__ENTRIES SUPPLIED__
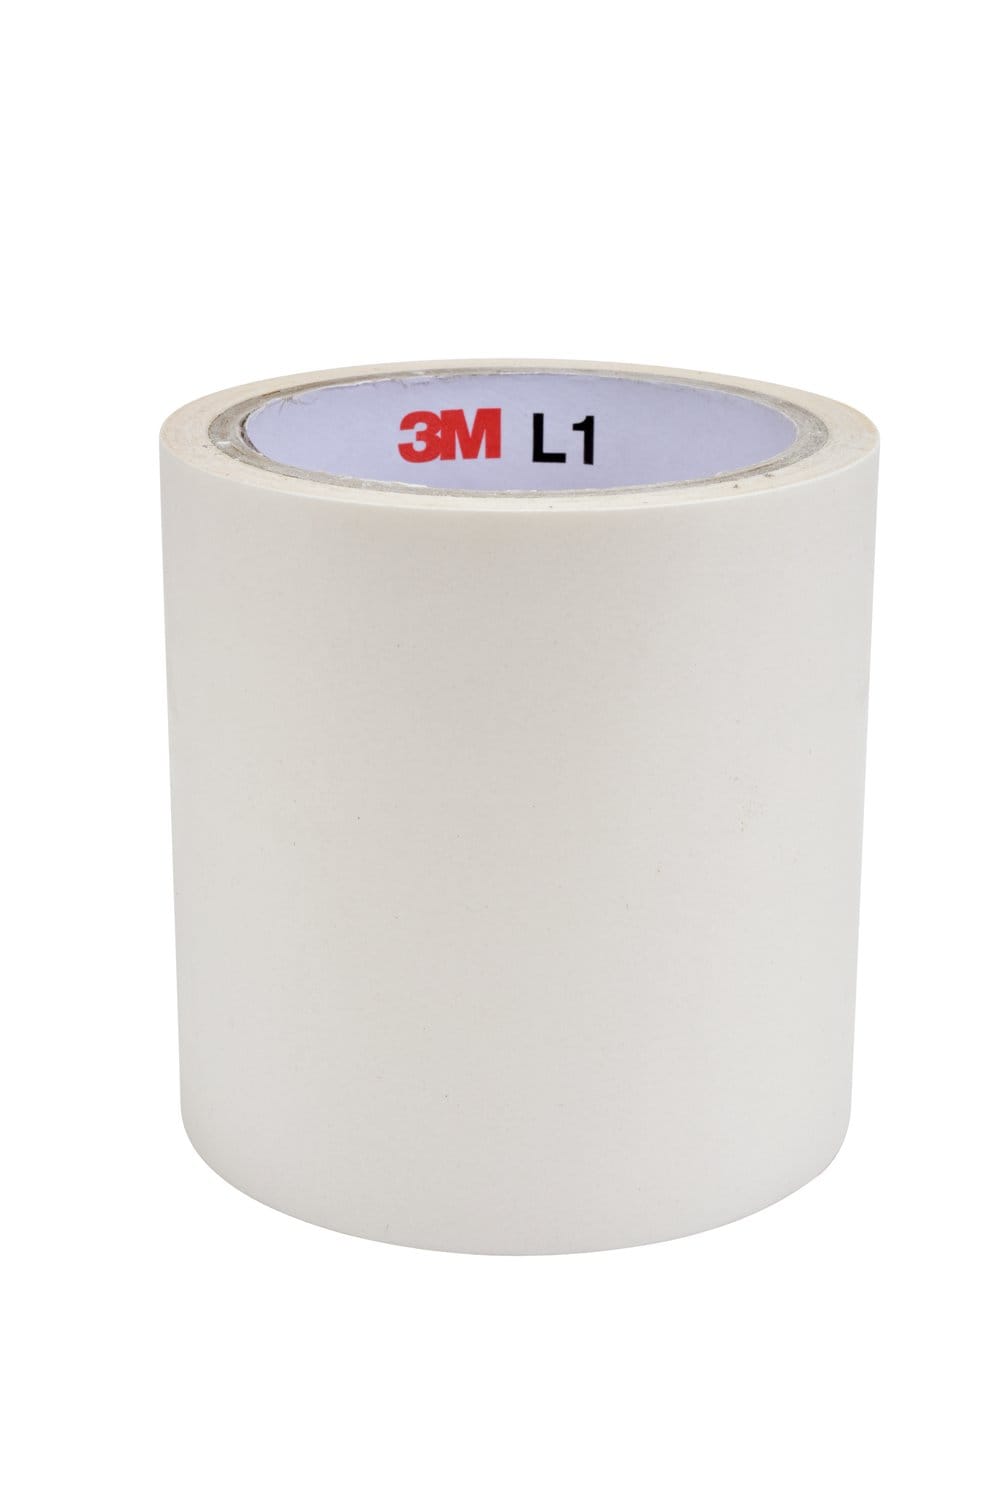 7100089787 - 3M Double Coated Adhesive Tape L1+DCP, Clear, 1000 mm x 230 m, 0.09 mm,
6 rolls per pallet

--

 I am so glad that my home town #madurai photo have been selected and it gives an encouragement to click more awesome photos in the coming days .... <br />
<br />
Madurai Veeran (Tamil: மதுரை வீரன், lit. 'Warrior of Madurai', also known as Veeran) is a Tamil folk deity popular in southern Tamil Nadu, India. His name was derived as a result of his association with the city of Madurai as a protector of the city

__EXERCISE AIM__
Look above for the line with "7100089787 - 3M" and the line with "6 rolls per pallet", then copy them and all lines in between exactly as written, and only those, without any pictures.

__REPLY__
 7100089787 - 3M Double Coated Adhesive Tape L1+DCP, Clear, 1000 mm x 230 m, 0.09 mm,
6 rolls per pallet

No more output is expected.